Thursday, 14 July 2011

Gallery Interaction with Sheridan Quigley: Colouring the light


Catherine Yass' images, still and moving, were eliciting very enthusiastic responses from gallery visitors on Saturday afternoon. Watching people viewing the work, there was a sense that they were both enthralled and unnerved.
One of Yass' tradmarks is the intense colour that radiates from her lightboxes, either as negative light that glows, such as the "Decommissioned" series, or the surreal solidity of the atmosphere in the "Sleep" series, which looks as if you could prod it.

The idea behind the gallery interaction was to give visitors an opportunity to make their own images from layers of translucent colour, which we then hung in the stairwell to collect the light from the seafront.

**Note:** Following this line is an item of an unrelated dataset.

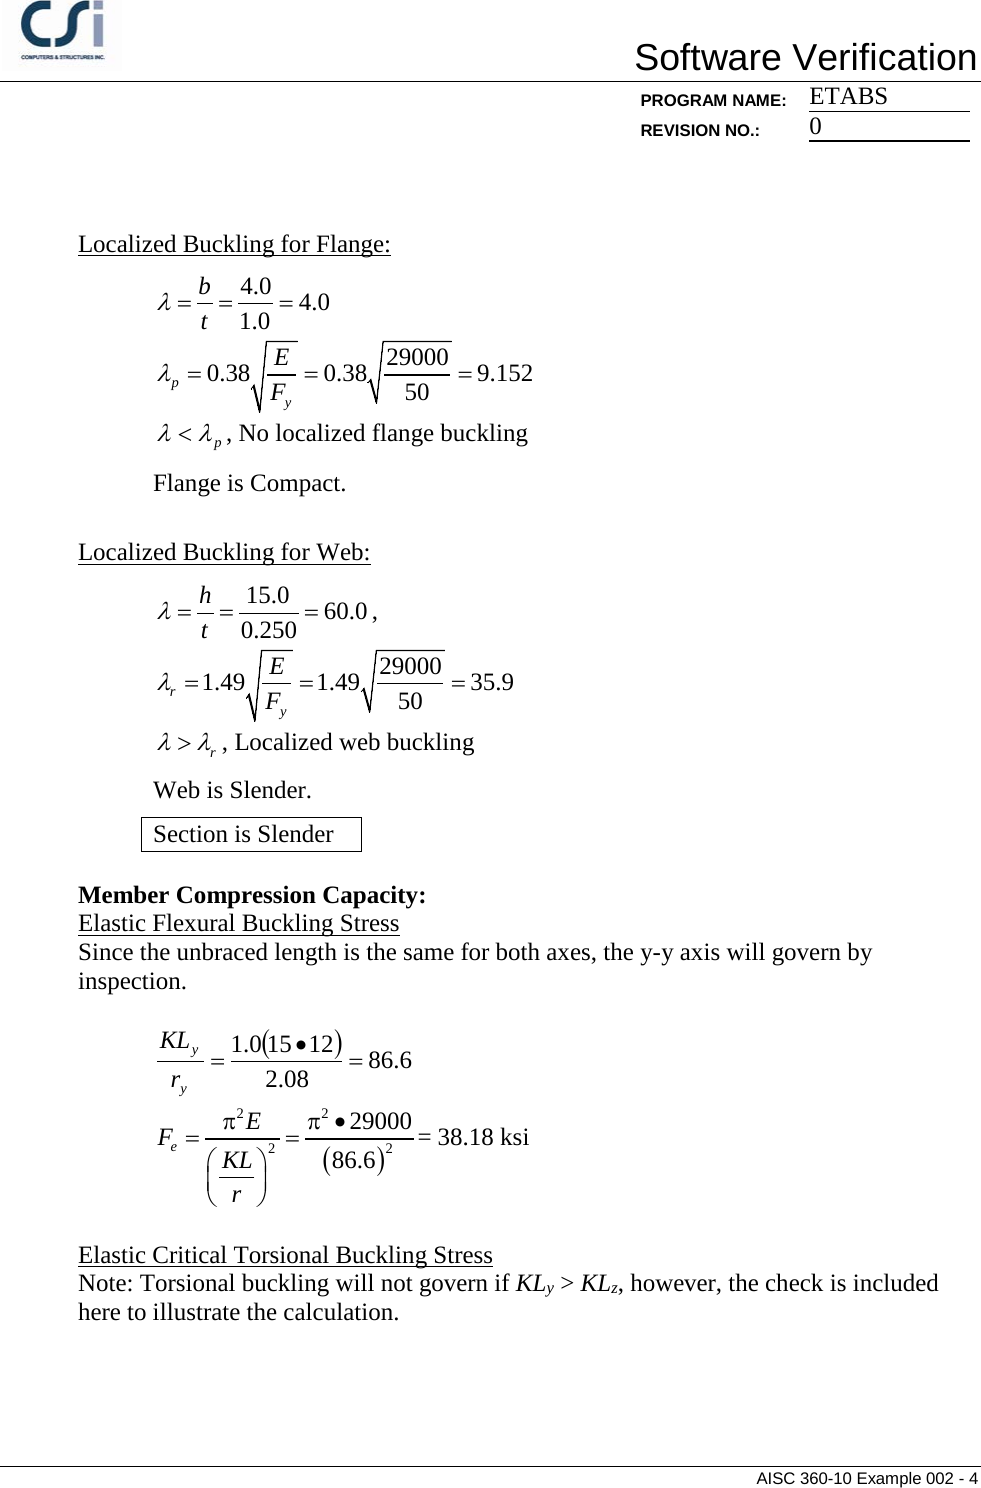 Page 4 of 6 - Contents AISC 360-10 Example 002

There was a wide array of responses, from young and old, some taking inspiration from their own dream landscapes, others responding to the sea views and the underwater qualities of the materials.



Yass' films in particular caught the imagination of the people I spoke to, with the sensation they evoke of floating or falling through spaces where up and down are not fixed. A particular favourite seems to be the "Lock", on the Three Gorges Dam of Yangtze River: quite a number of visitors commented on the menacing sense of environmental damage it expresses. The Sovereign Lighthouse film, while inducing a surprising amount of seasickness, is a fabulous sense-surround of this extraordinary local landmark.